It has long been accepted that GDP is a woefully inadequate measure of national well-being. As Bobby Kennedy put it as far back as 1968, this type of macro-economic indicator “measures everything, in short, except that which makes life worthwhile.”. Since then, the Beyond GDP movement has gained momentum. Canada, for example, has introduced an Index of Wellbeing, and the OECD has organised the Better Life initiative. In the UK, the Office for National Statistics is leading the Measuring National Well-being programme, and has developed a well-being framework that includes multiple dimensions of life, including health, relationships, work, the natural environment, and political participation.

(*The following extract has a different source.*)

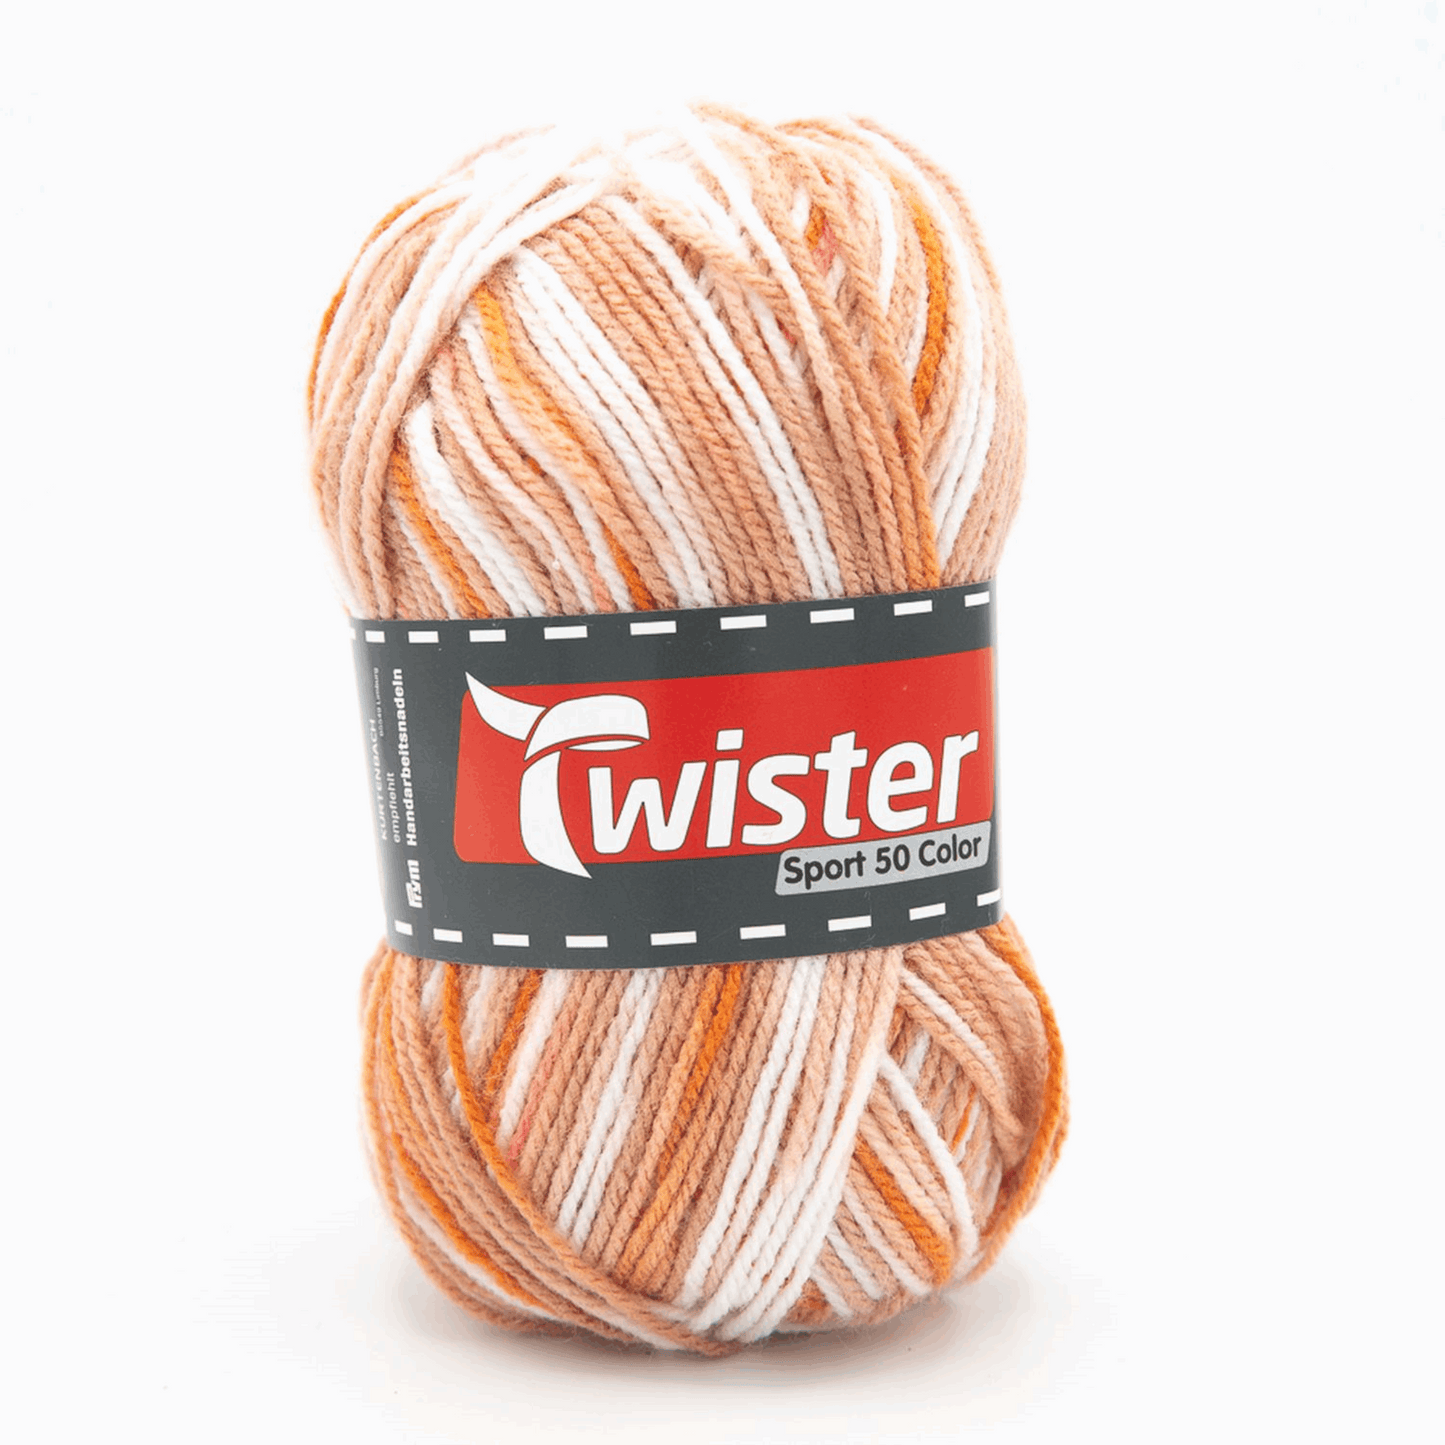 Twister Sport 50, color, 98322, Farbe w/rose/lachs 12

All this is good news. Any movement away from GDP fetishism towards a more holistic and meaningful definition of national well-being should be welcomed. However, in the midst of this progress, there is a danger that GDP fetishism might simply be swapped for unthinking devotion to another simplistic metric. Subjective well-being – measurements of how happy and satisfied people feel – is increasingly seen as a yardstick that provides a summary of all the other aspects of well-being.
A huge literature around the new science of happiness provides legitimacy for this type of thinking, and the term “well-being” is now often used simply as shorthand for the psychological state of happiness and satisfaction.
But subjective well-being (SWB) is not a reliable indicator of true, objective well-being. Poor and disadvantaged people might, for example adapt to their deprivation and mark themselves high on the life-satisfaction scale. A high subjective well-being score in this context might simply reflect people making the best of a bad lot. It doesn’t mean that poverty should be ignored.
In a similar vein, people whose caviar consumption decreases from once a week to once a month might suffer a drop in subjective well-being as a consequence, but the impact on their overall objective well-being is probably not worthy of much attention from the government.
The fact that average SWB does not always reflect the objective quality of people’s lives is evident from subjective well-being trends since the financial crisis of 2008. Even though the meltdown led to significant, objective hardship for many people, average subjective well-being in the UK remained stable.
Despite this serious problem, it might be that SWB has gained traction because of its shared historical roots with GDP. Both feed off the utilitarian tradition that human well-being boils down to maximising pleasure or satisfaction. Also, like GDP, SWB is a simple, quantitative, headline metric that lends itself to standard econometric methods. These shared roots and practical compatibility mean that SWB is an easy substitution for GDP as the principal measure of national well-being. However, like GDP, SWB also fails to capture many of the things that make life worthwhile.
So while we should welcome the idea of well-being becoming part of the way a government measures national success and progress, it looks a lot like the well-being agenda is being hijacked by utilitarianism. GDP and SWB are close cousins. A truly radical model would go beyond both.